• Available data

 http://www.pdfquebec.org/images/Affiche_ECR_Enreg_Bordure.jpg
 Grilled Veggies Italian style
---
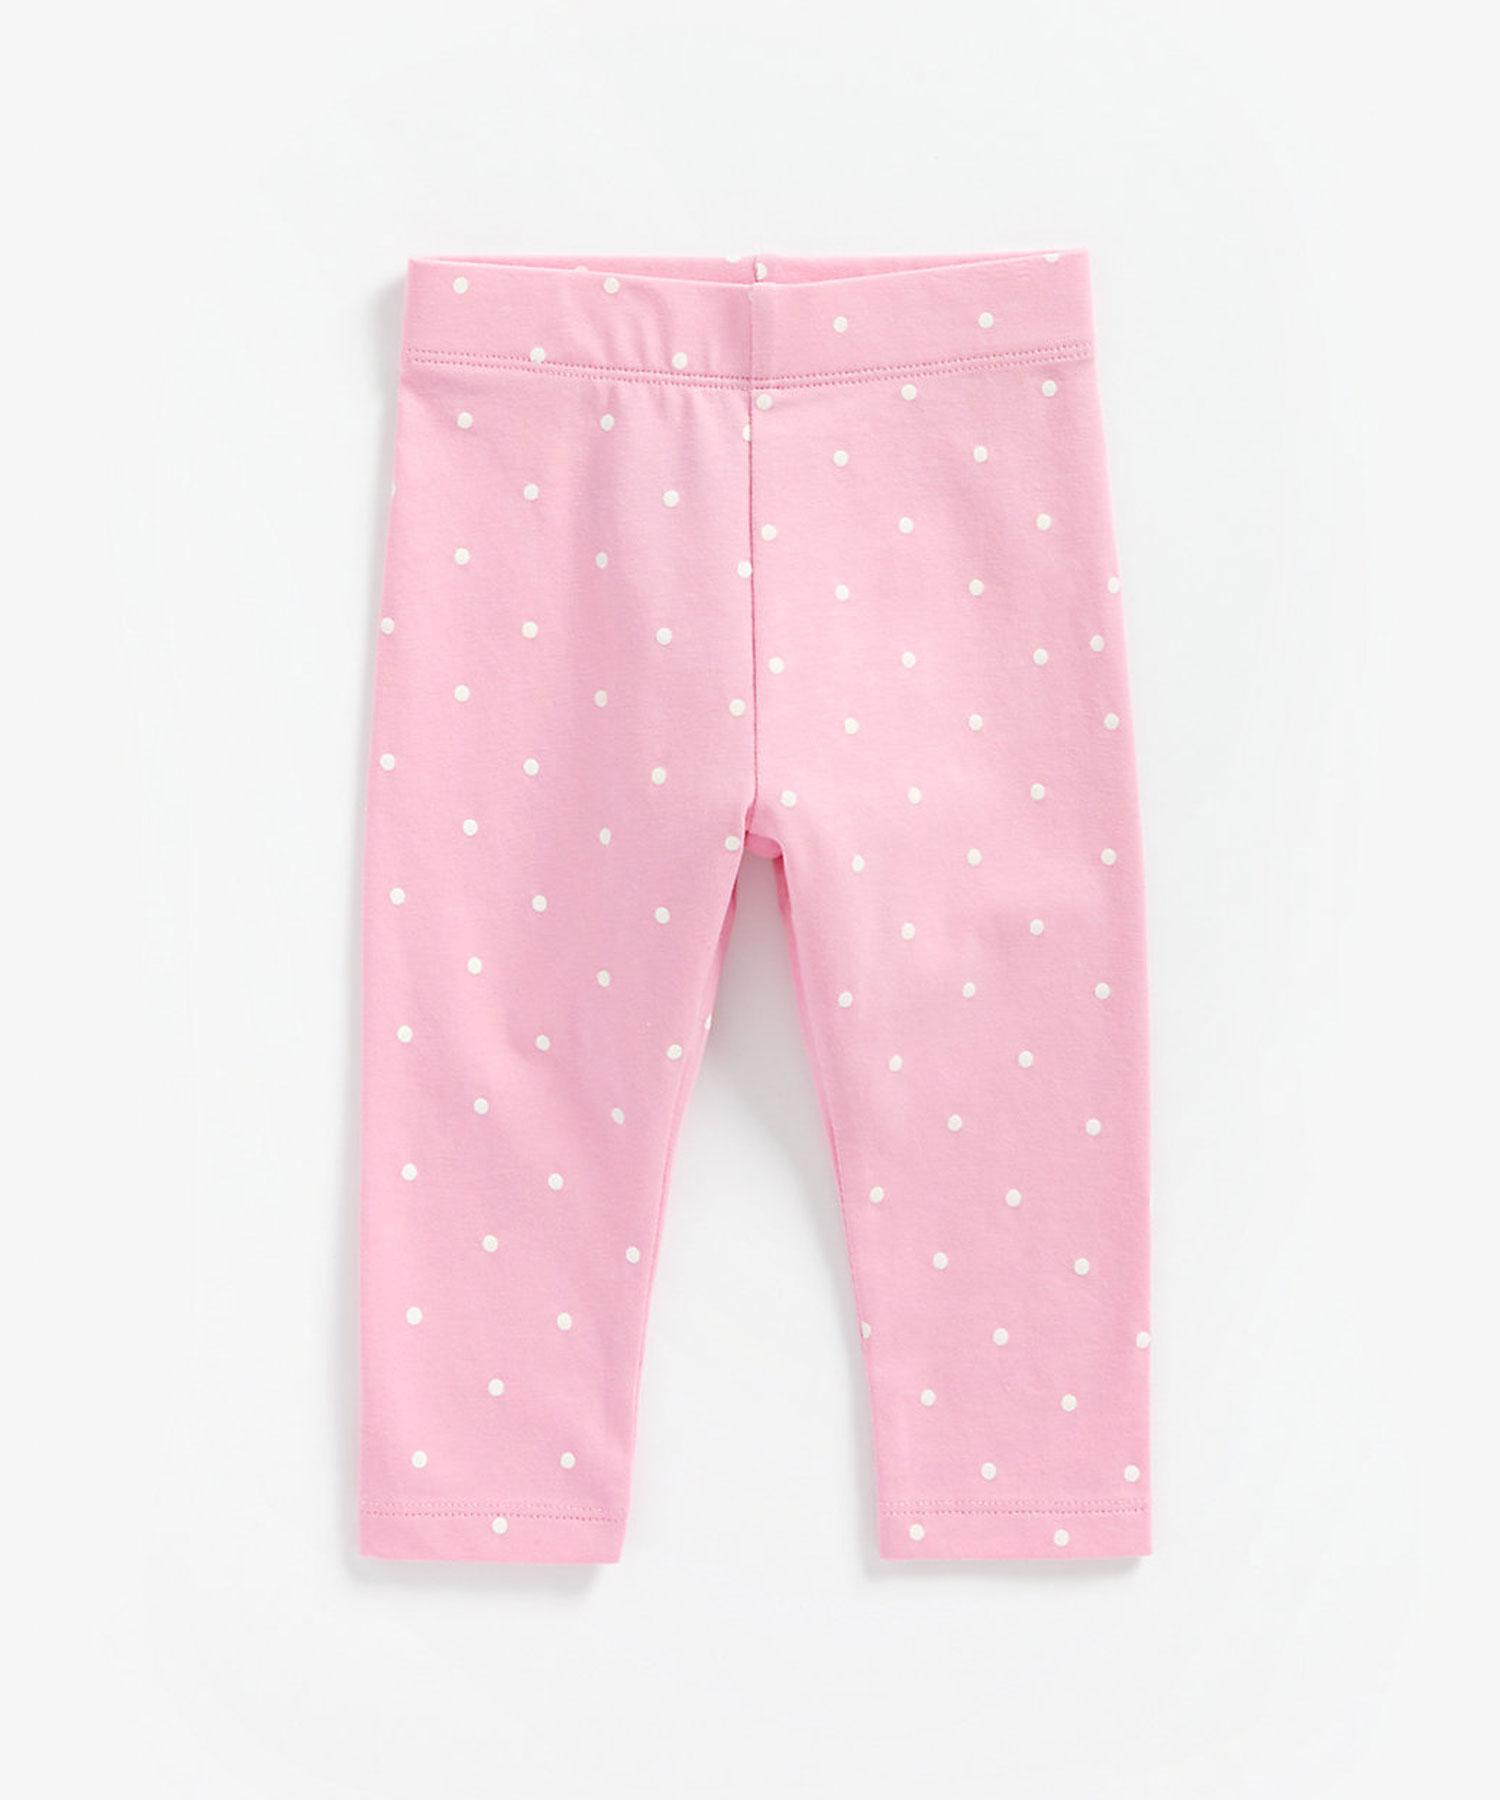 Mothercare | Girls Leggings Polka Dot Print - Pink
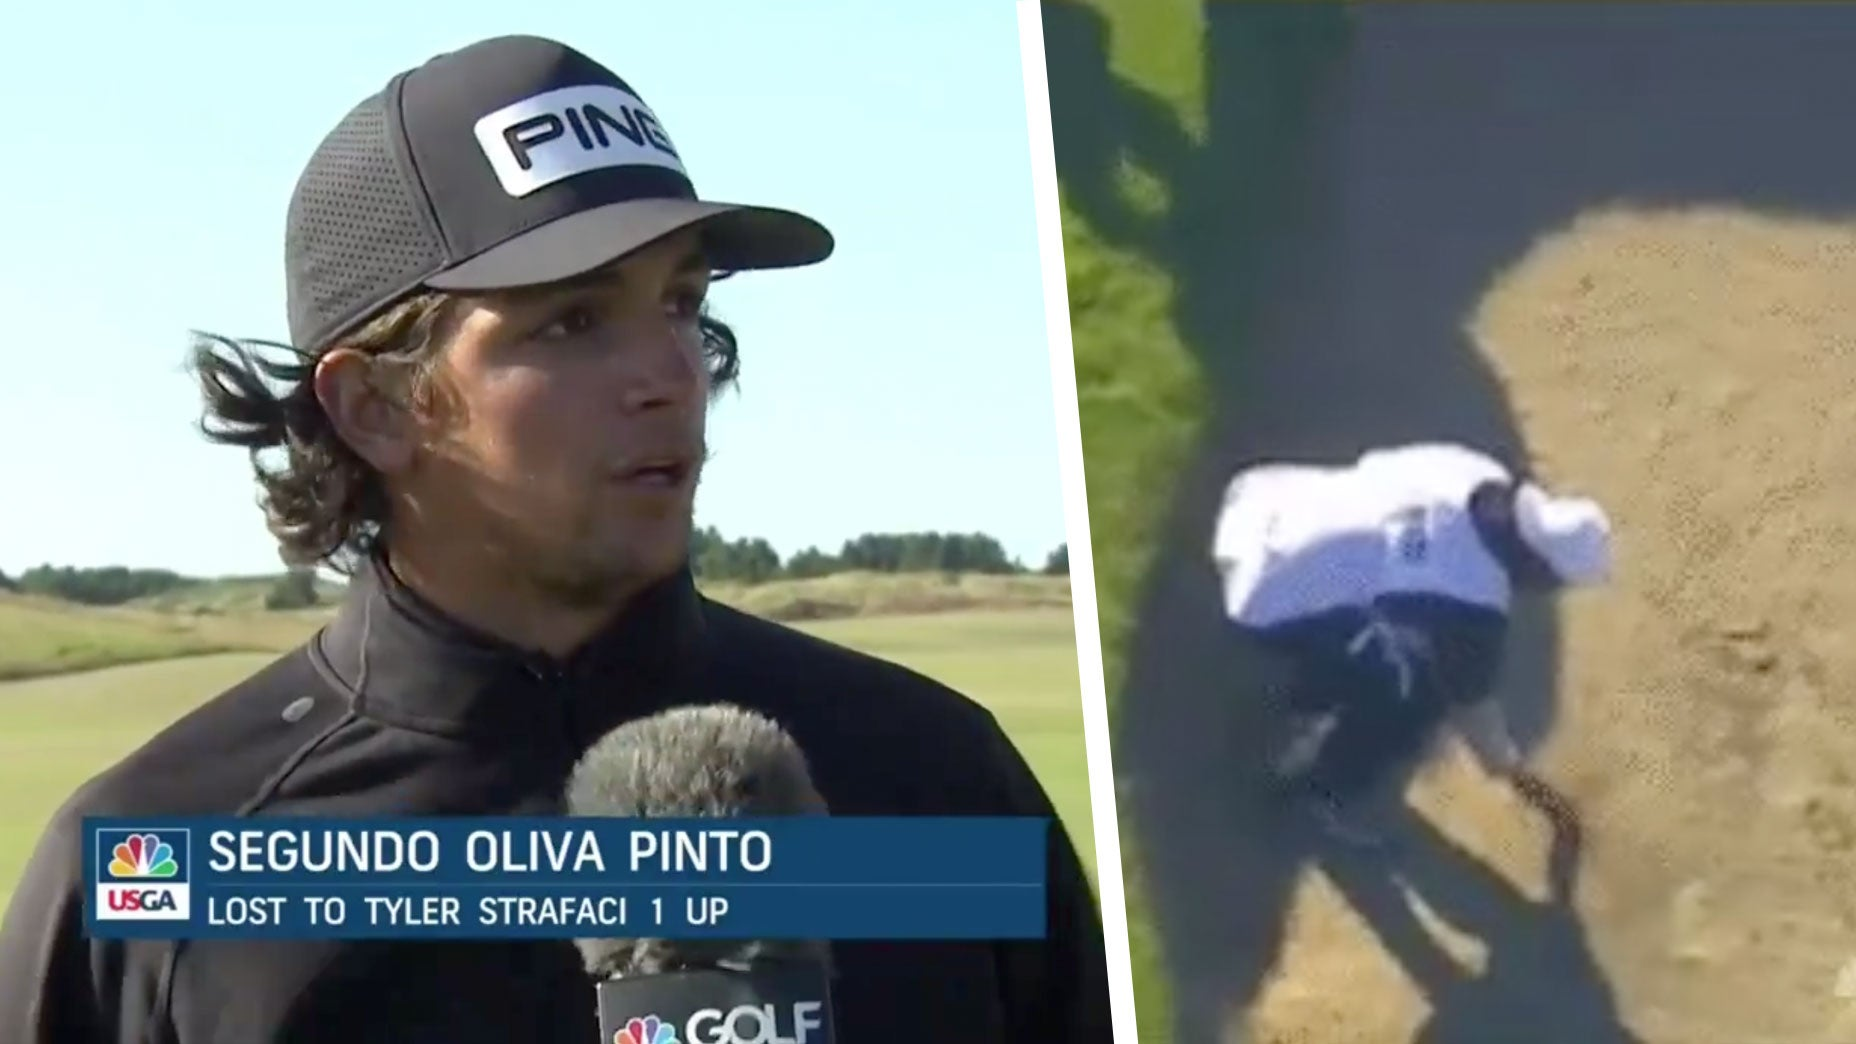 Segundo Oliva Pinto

• Task statement
Within the data above, repeat exactly the lines from the one bearing "Mothercare | Girls" through the one bearing "Segundo Oliva Pinto". Include no pictures and nothing else.

• Problem solution
 Mothercare | Girls Leggings Polka Dot Print - Pink
 Segundo Oliva Pinto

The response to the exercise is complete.